A wooden ladder leaned against the enormous trunk of my maple tree. The rungs of that ladder became polished by my feet as I climbed up and down it, day after day and year after year. In that tree I enacted many imaginary dramas, clambering back and forth through different configurations of branches that formed distinct rooms. Sometimes I tried to climb into higher into the branches I rarely touched. Often, I just sat there. Things might have been different if I had brothers and sisters my own age to play with me or if I had parents who felt they had to keep me employed in profitable activity, but I did not have either of those things. Instead, I had time, which passed in a slow, wordless way, marked by shifts in the wind and changing shadows.

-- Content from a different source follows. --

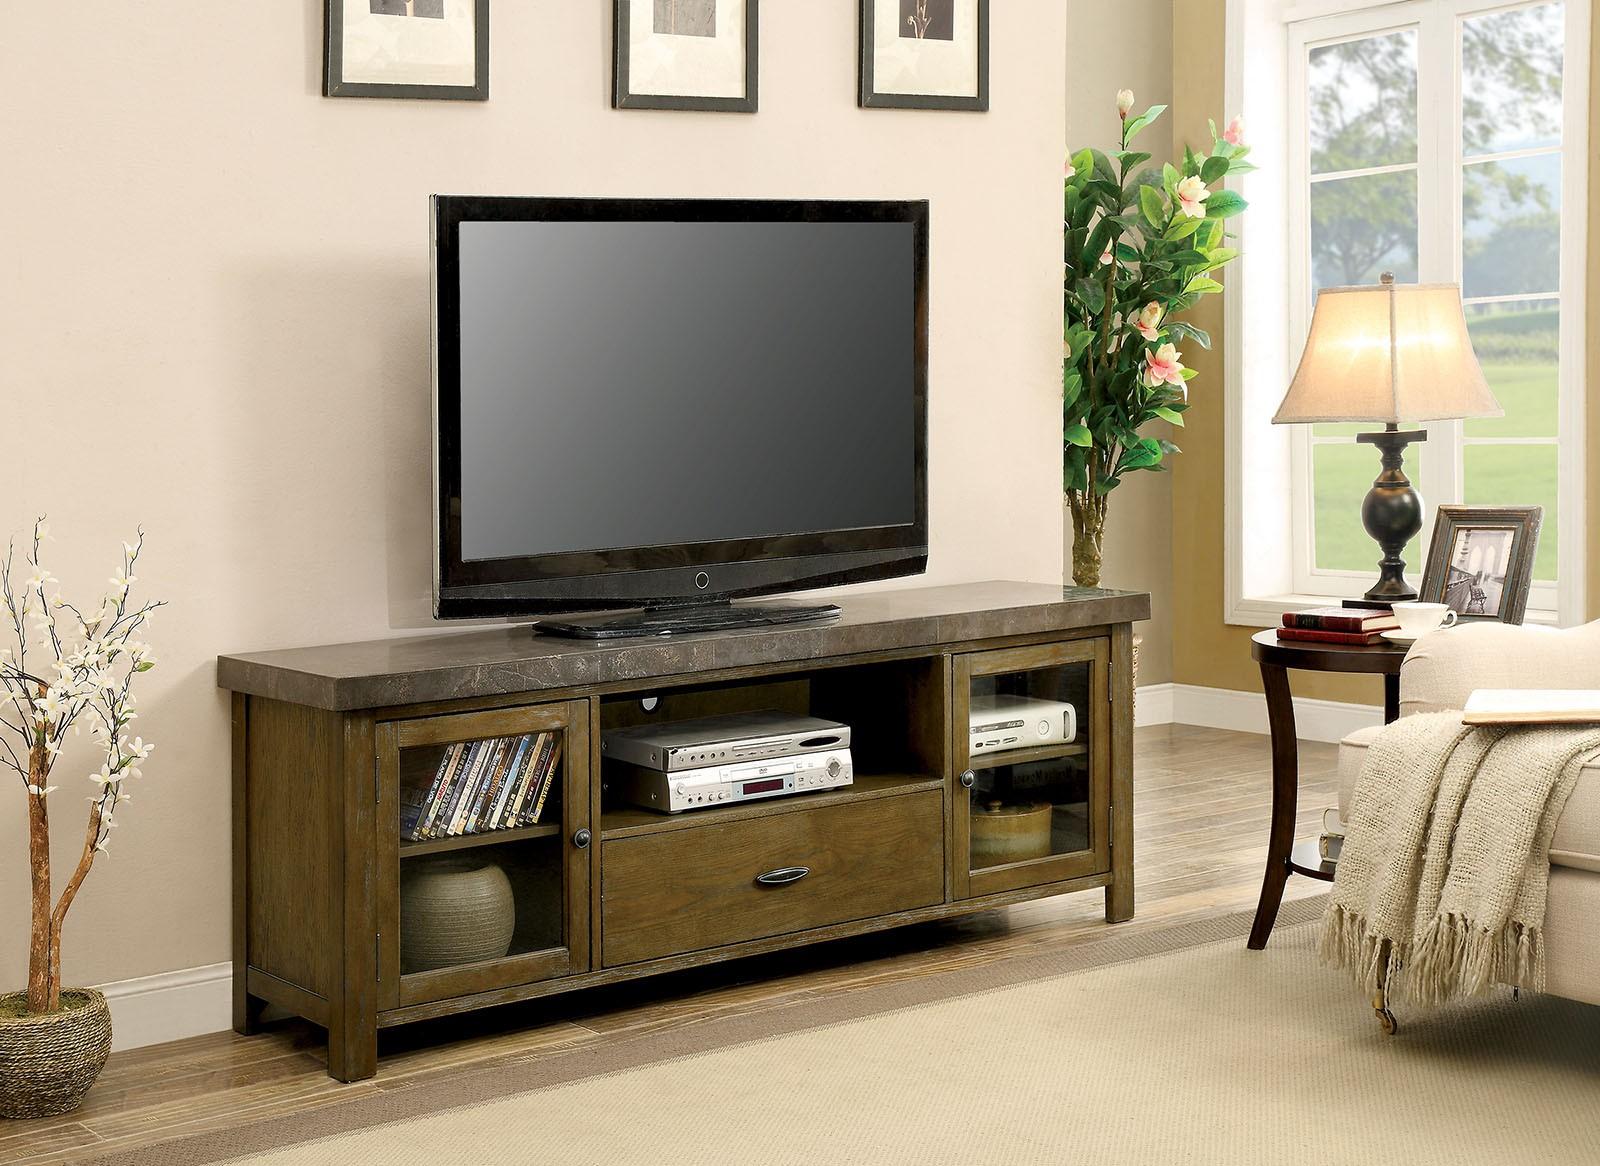 FACM5829-TV
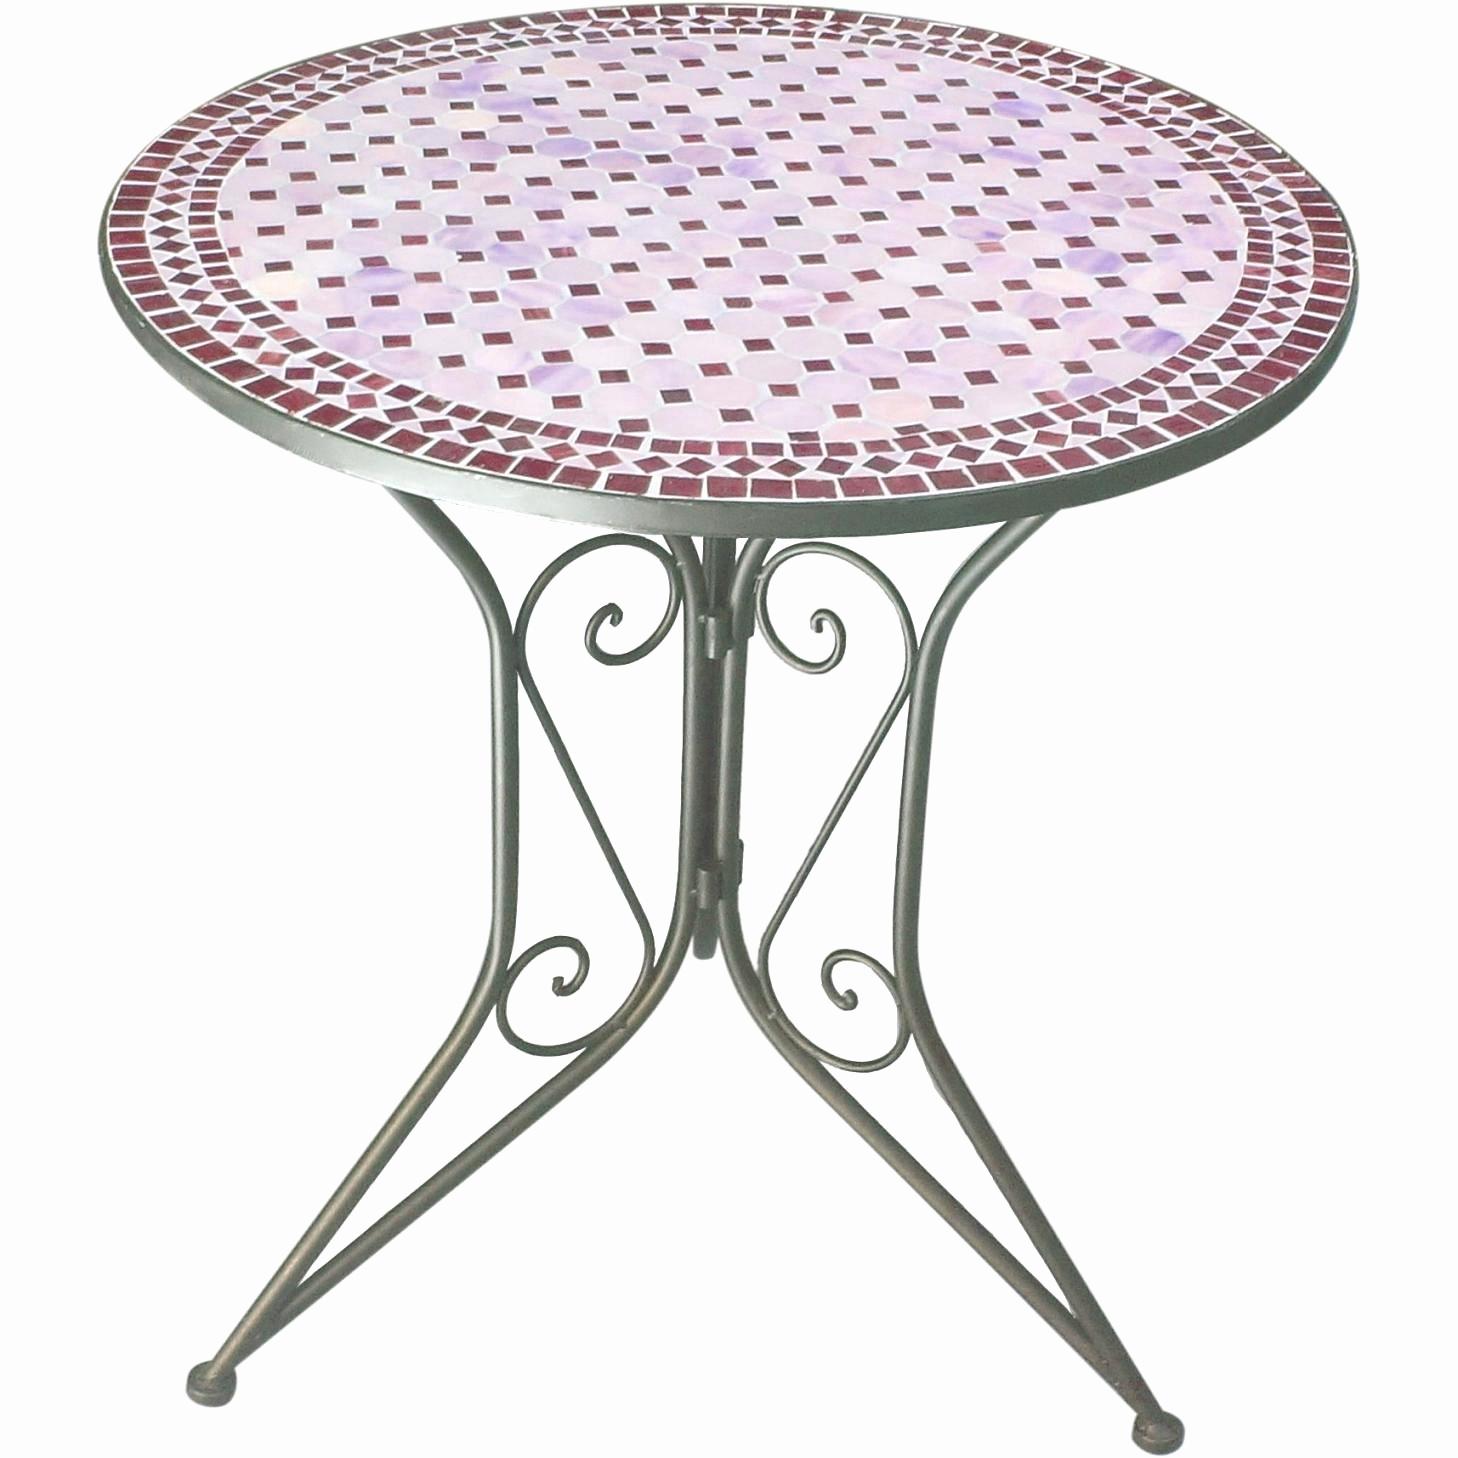 drapeau de table impressionnant dessin mosaique a imprimer meilleur de graphie table de jardin of drapeau de table

With that gift of time, I learned to wait silently with my head against a branch until I was filled with peace. It didn't happen right away, but if I waited long enough, I knew that a sweet, bright sensation would pass through me and leave me content. Then, I could sit in that tree without any words in my head, and know I was part of the branches, the leaves, and the wind. I was part of bird cries, sunshine, and the smell of mud.
In ninth grade, when my family built a new house on part of our land, I lost my tree. The tree was still there – I think it is still standing today -- but when I climbed it, our new neighbors could easily see me. Ninth graders, I thought, were a little too big to climb trees so conspicuously, and so I stopped. With that, I lost my way of relating to God, although I would not have been able to put those words on it at the time. Before ninth grade, I understood the peace that I found in that tree was part of my world, like a small child understands its mother's love to be an inevitable part of existence. When I could no longer climb the tree, I believed the loss was an unavoidable part of growing up, and I felt ashamed by my frantic grief.
I was a young adult before I recognized my time in that tree as a holy. When I started to attend Friends Meeting, the process of settling into waiting worship was completely familiar to me from my time in the maple. Instead of sitting with my head against a branch, I sat on a chair in a room full of people and I learned that I could find the peace of God there, as well. I felt the relief of someone who has been freed from a chronic pain.
More than 20 years after I stopped climbing my beloved maple, I have begun climbing trees again. This fall, I have occasionally let myself wander out to the maples on the western edge of our shelter belt and pull myself into their branches. Yesterday, as I sat down to write an essay for this blog, I kept hearing in my heart that it was time to climb a tree. I fought the frivolous urge valiantly until something in my heart said, "You are being disobedient.” With a sigh, I turned off the monitor and went outside. As I approached the trees, I suddenly had to fight back tears, which passed as quickly as the shadow of cloud. I pulled myself up into a maple, looked out into the turned earth of the cornfield, and breathed the earthy scent of the neighbor's cattle. The narrow tree limbs that bent down to the dry grass were so smooth they became golden with reflected sunshine. Fragrant leaves called me from the base of the trunk, so I swung myself down and flopped down amongst them, arms stretched wide as I gazed up at the brilliant pattern of slim gray against the blue. Like the tree limbs, I felt radiant with reflected light.
“I fought the frivolous urge valiantly until something in my heart said, ‘You are being disobedient.’” Now, that is my kind of Quakerism!